Tuesday, July 26, 2005

Night of 25/26 July

There was some lightning activity over North-Italy, but there were no sprites observed.

Monday, July 25, 2005

Night of 24/25 July

Lots of lightning last night but unfortunately the cameras were always under the clouds.

The use of VLF transmitter signals in sprite research

The part of the electromagnetic spectrum termed as VLF (Very Low Frequency) spans the frequency region 3-30 kHz and has free-space wavelength of 100-10 km. Ground-based observations of this frequency spectrum are dominated by “sferics”, the strong impulses radiated by lightning discharges (seen as vertical lines in the figure). In the region above 10 kHz man-made signals from communication and navigation transmitters can be observed (as horizontal lines) and local electrical noise is also present below ~5 kHz.
VLF waves propagate in the so-called Earth-ionosphere waveguide, reflecting from the conducting surface of the Earth and the lower part of the ionosphere (the so-called D-region) at ~70-90 km heights. They have a low attenuation rate and can therefore be received at thousands of km-s from their source. They can also penetrate sea water. These properties led to the construction of VLF transmitters all over the globe, which are used for communication and navigation purposes. The signals of such man-made transmitters can be recorded using VLF receivers and can also be used for scientific purposes.
As VLF waves propagate in the Earth-ionosphere waveguide, they are affected by the variations of atmospheric electrical conductivity on the boundaries, which results in changes in the observed amplitude and phase of the VLF transmitter signals.
If you would like to learn more on how these perturbations can be used in sprite research click here:
During Eurosprite2005 VLF data is recorded at various sites all over Europe, with receivers operating continuously during nighttime.

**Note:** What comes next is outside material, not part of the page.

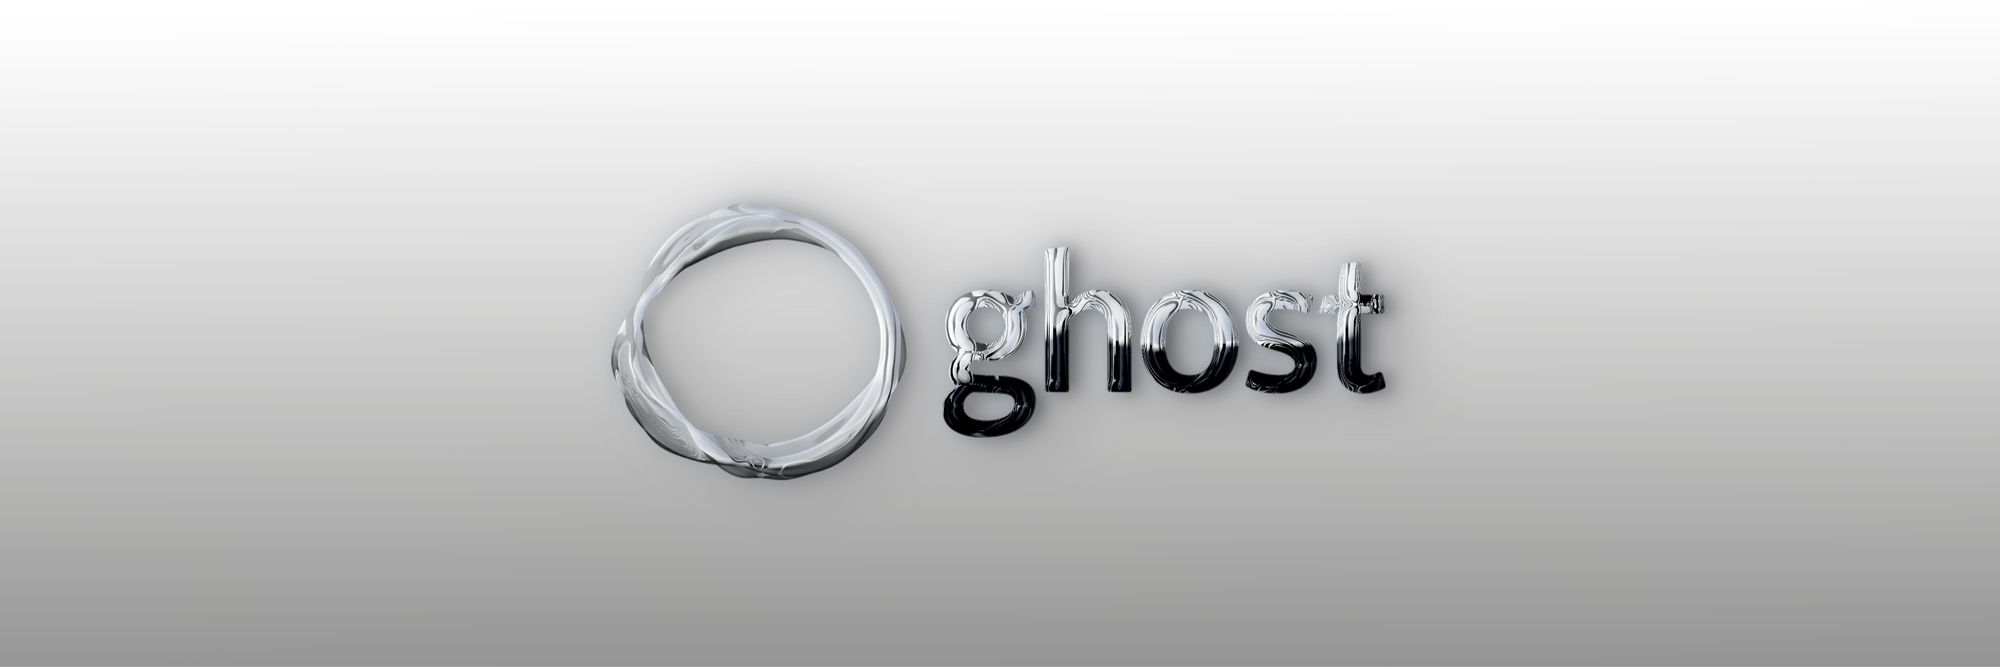 ghost blog logo

Thunderstorm Outlook Mon 25 - Thu 28 July

This week promises to be very favourable for thunderstorms in southwestern Europe - the flow pattern that we would wish for will at least be present till Thursday and perhaps even Monday next week, yielding a couple good nightly storms. Hopefully the observing conditions cooperate as well... but it seems likely that clouds will sometimes affect observations as moist unstable air also lingers around the Pyrenees.

Tonight the best conditions will come together mostly in southeastern France, near the Alps, with possibly isolated activity stretching from there to the Pyrenees. Tuesday night there may be storm activity developing in southwestern France, Wednesday night the focus for storms seems to be at the warm front over northwestern and central France, and Thursday seems the most classical situation for sprites, as a cold front sweeps through France. Of course, all depends on timing so the outlook may change.

After this week, the ensemble prediction system runs are still very uniform and forecast a dreadful high pressure area occupying the position where there is currently low pressure.

Sunday, July 24, 2005

July 21-23

July 21 and 23 did not have interesting thunderstorms to point the cameras to. We could then do a few more tests and the camera at Puy de Dome was successfully mounted.

July 22 indeed showed some persistent lightning activity over Northern Italy but unfortunately some technical problems caused the camera to observe only for a part of the night. The problem has been solved but we will need to check carefully in the little data we got to see whether we observe any sprites.